Is my developer's home-brew password security right or wrong, and why?

/** Dave's Home-brew Hash^H^H^H^H^Hkinda stupid algorithm */

// user data
$user = '';
$password = '';

// timestamp, "random" #
$time = date('mdYHis'); // known to attackers - totally pointless
// ^ also, as jdm pointed out in the comments, this changes daily. looks broken!

// different hashes for different days? huh? or is this stored as a salt?
$rand = mt_rand().'\n'; // mt_rand is not secure as a random number generator
// ^ it's even less secure if you only ask for a single 31-bit number. and why the \n?

// crypt is good if configured/salted correctly
// ... except you've used crypt on the username?
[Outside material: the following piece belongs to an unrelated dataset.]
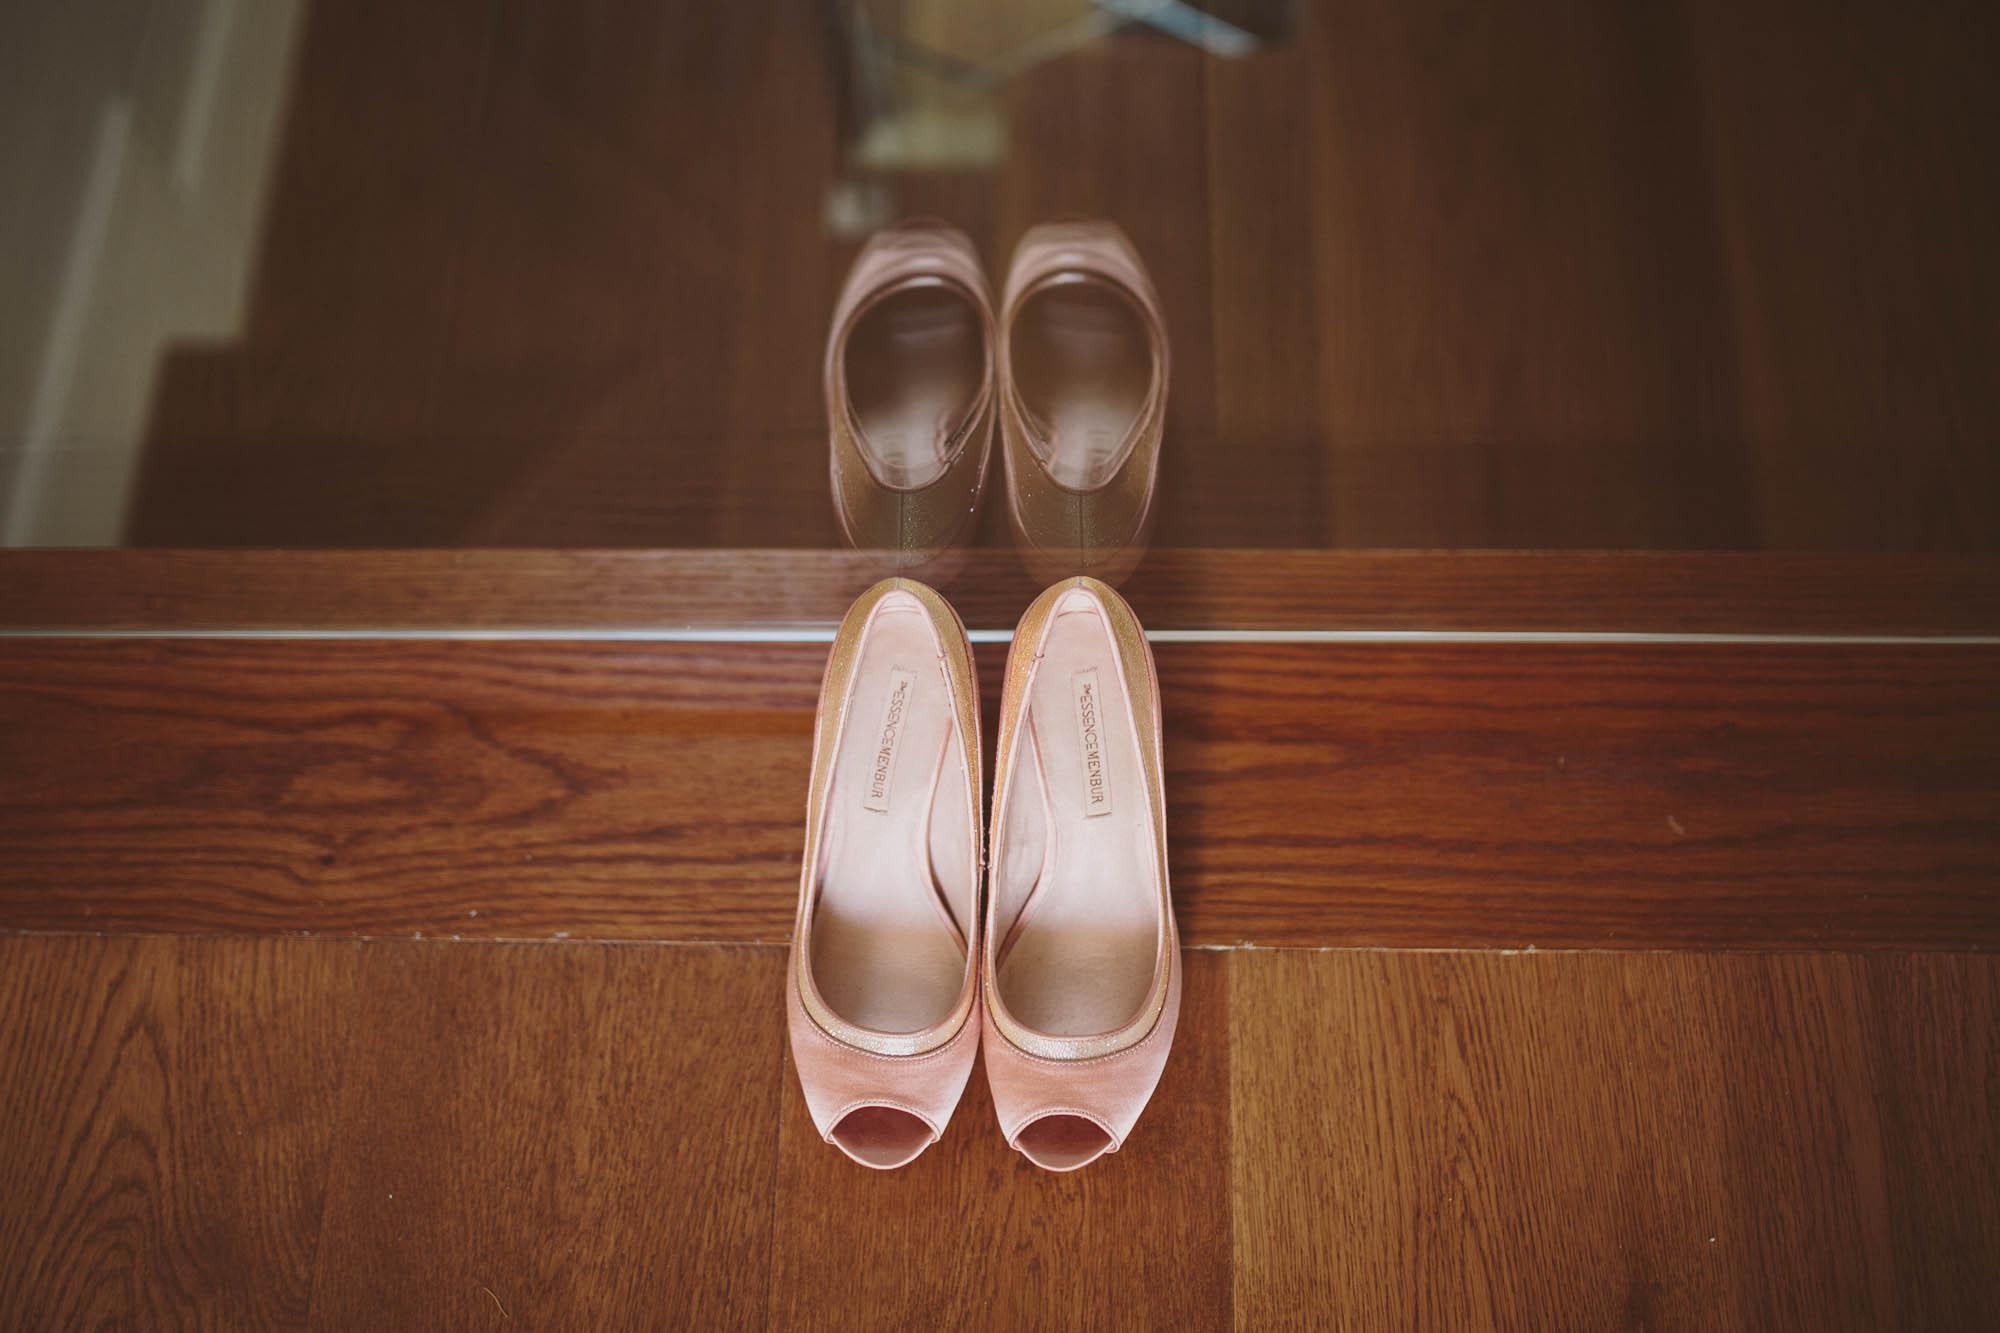 Zapatos de terciopelo rosa reflejados en un cristal

WTF.
$crypt = crypt($user.$time.$rand); 

// hash
function hash_it($string1, $string2) {
    $pass = md5($string1); // why are we MD5'ing the same pass when crypt is available?
    $nt = substr($pass,0,8); // <--- BAD BAD BAD - why shuffle an MD5 hash?!?!?
    $th = substr($pass,8,8);
    $ur = substr($pass,16,8);
    $ps = substr($pass,24,8); // seriously. I have no idea. why?
    // ^ shuffling brings _zero_ extra security. it makes _zero_ sense to do this.
    // also, what's up with the variable names?

    // and now we SHA1 it with other junk too? wtf?
    $hash = 'H'.sha1($string2.$ps.$ur.$nt.$th); 
    return $hash
}

$hash = hash_it($password, $crypt); // ... please stop. it's hurting my head.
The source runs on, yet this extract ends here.